In response, a group of women – from corporate executives to academics to members of the media – have requested that the Shorenstein Center at Harvard University and others conduct a study, which we will pay for if necessary, to determine three things.
First, whether either the Clinton or Obama campaign engaged in sexism and racism; second, whether the media treated Clinton fairly or unfairly; and third whether certain members of the media crossed an ethical line when they changed the definition of journalist from reporter and commentator to strategist and promoter of a candidate. And if they did to suggest ethical guidelines which the industry might adopt.
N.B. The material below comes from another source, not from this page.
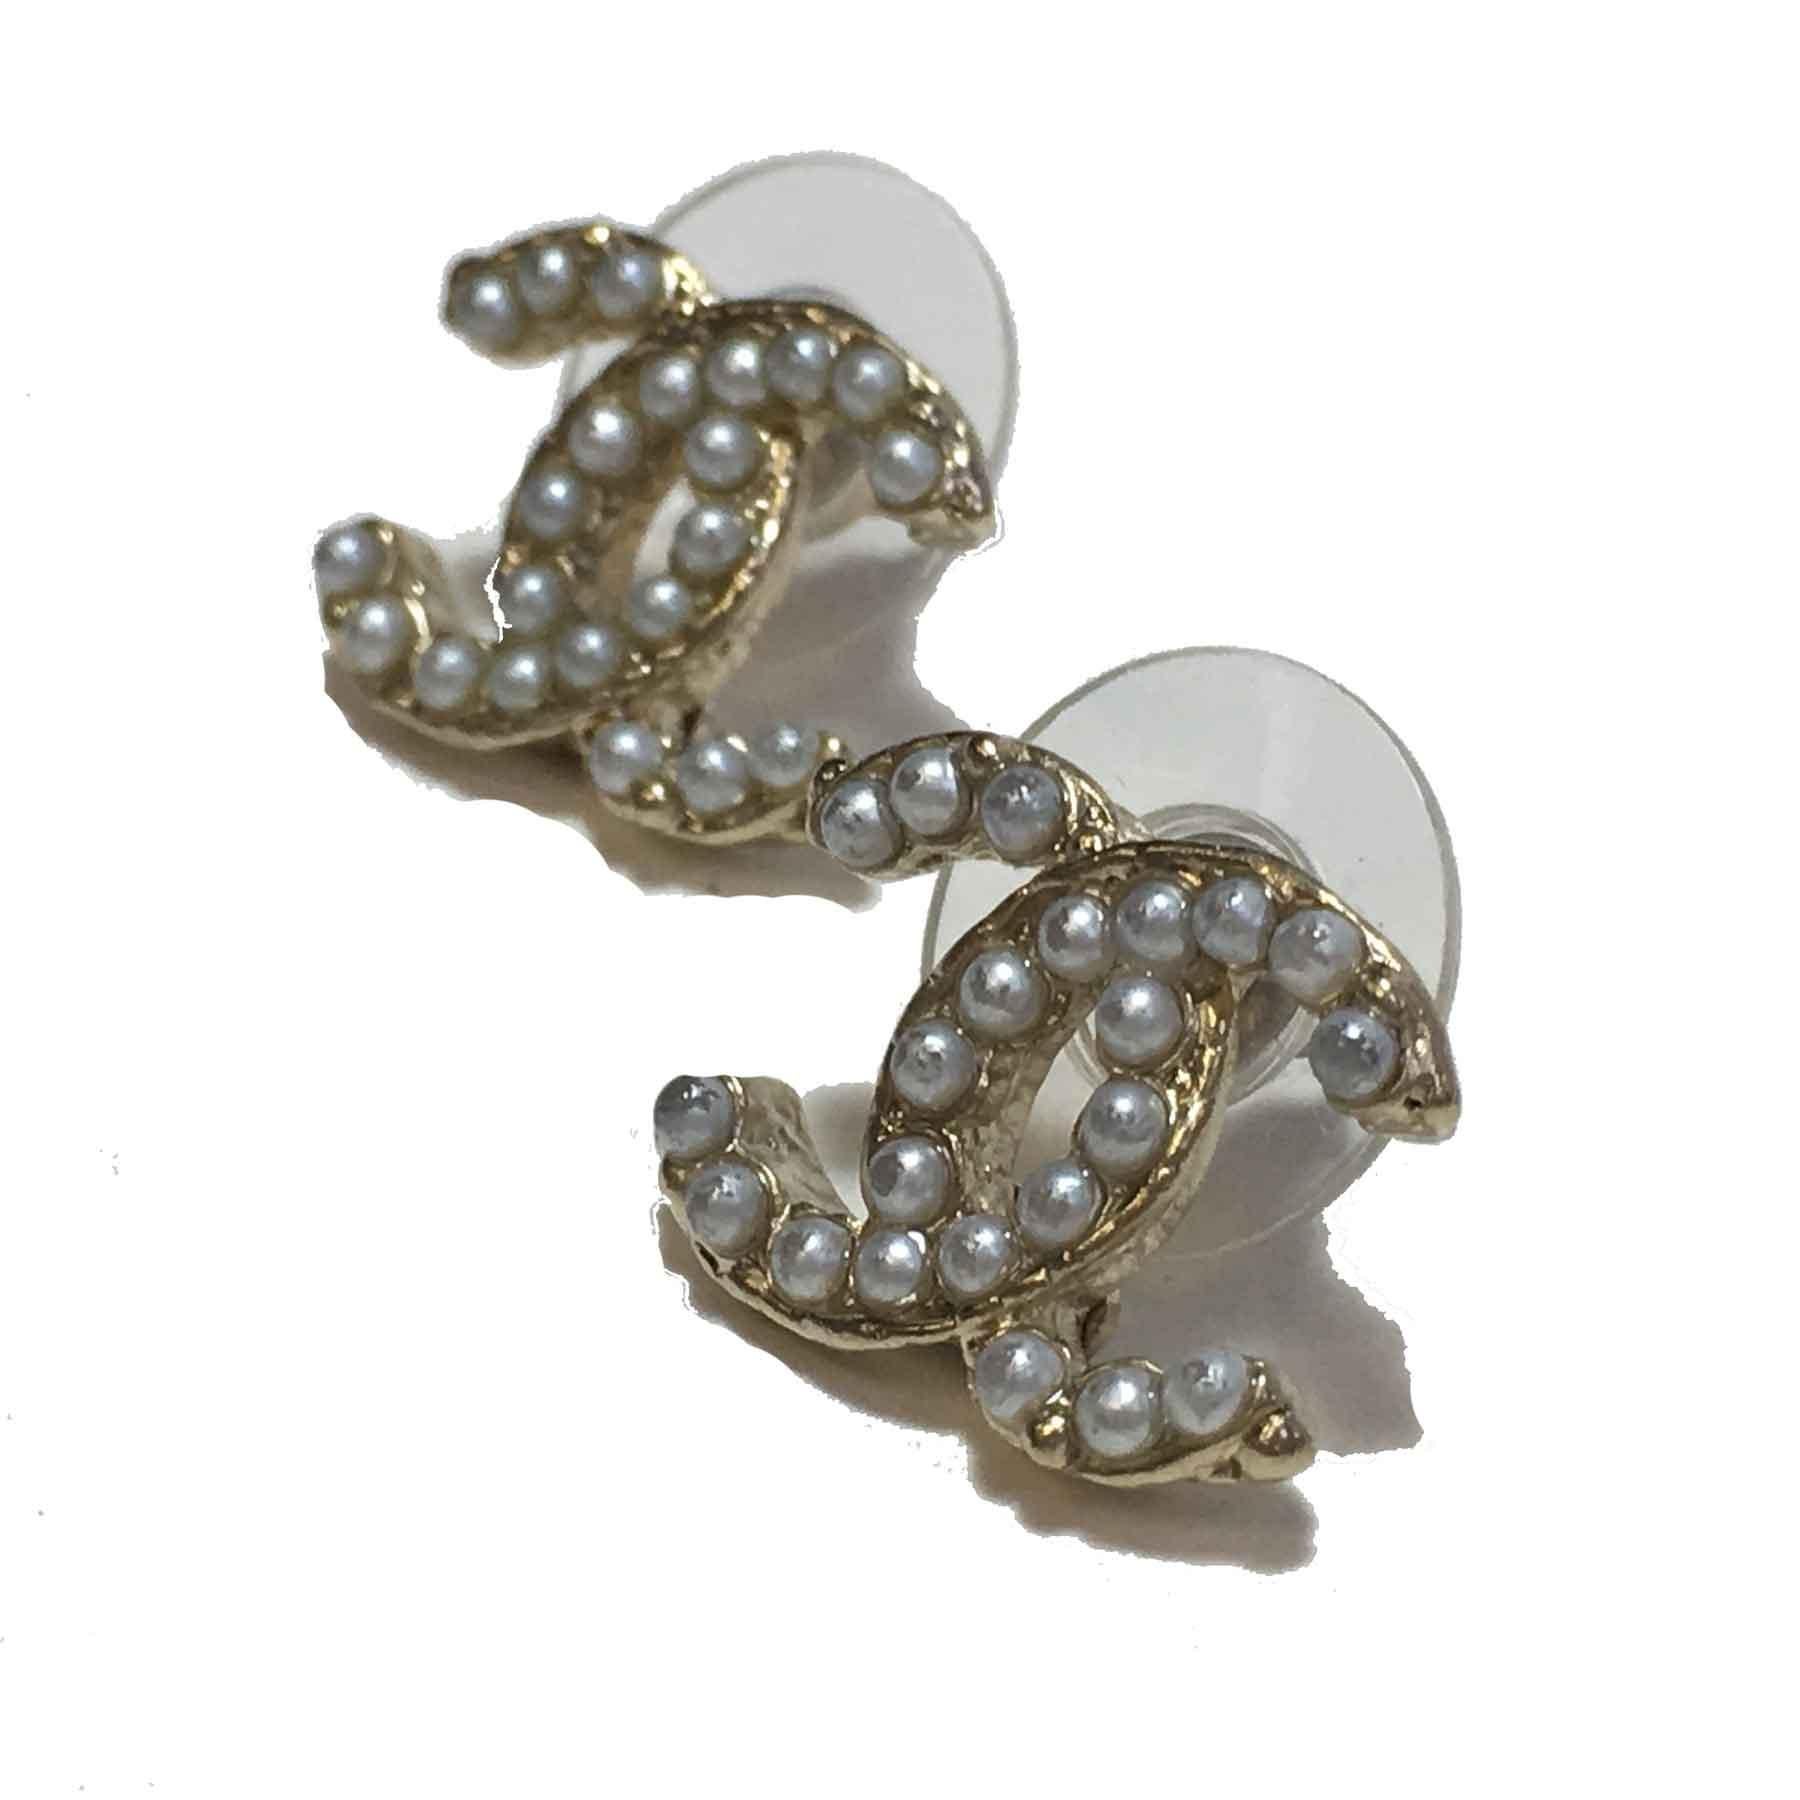 CC gold stud earrings set with pearl beads. The pearly pearls have for some lost their mother of pearl but it is only seen very closely. The ear studs bear the Chanel stamp of the Fall / Winter 2013 Collection. 
The dimensions are: length: 1.5 x

The Democrats are tied to that anchor that is identity politics, and while they may wish to paint Republicans as the primary practitioners of racism and sexism, this primary season at least has given them a long-overdue opportunity to look inward. Seeing racism and sexism at every mention of race and gender in their own party has had a (hopefully long-term) sobering effect on them.
As for Reagan Democrats, how Clinton was treated is not their issue. They are more concerned with how they have been treated. Since March, when I was accused of being racist for a statement I made about the influence of blacks on Obama’s historic campaign, people have been stopping me to express a common sentiment: If you’re white you can’t open your mouth without being accused of being racist. They see Obama’s playing the race card throughout the campaign and no one calling him for it as frightening. They’re not upset with Obama because he’s black; they’re upset because they don’t expect to be treated fairly because they’re white. It’s not racism that is driving them, it’s racial resentment. And that is enforced because they don’t believe he understands them and their problems. That when he said in South Carolina after his victory “Our Time Has Come” they believe he is telling them that their time has passed.
Stinks being on that end of the false accusation, eh?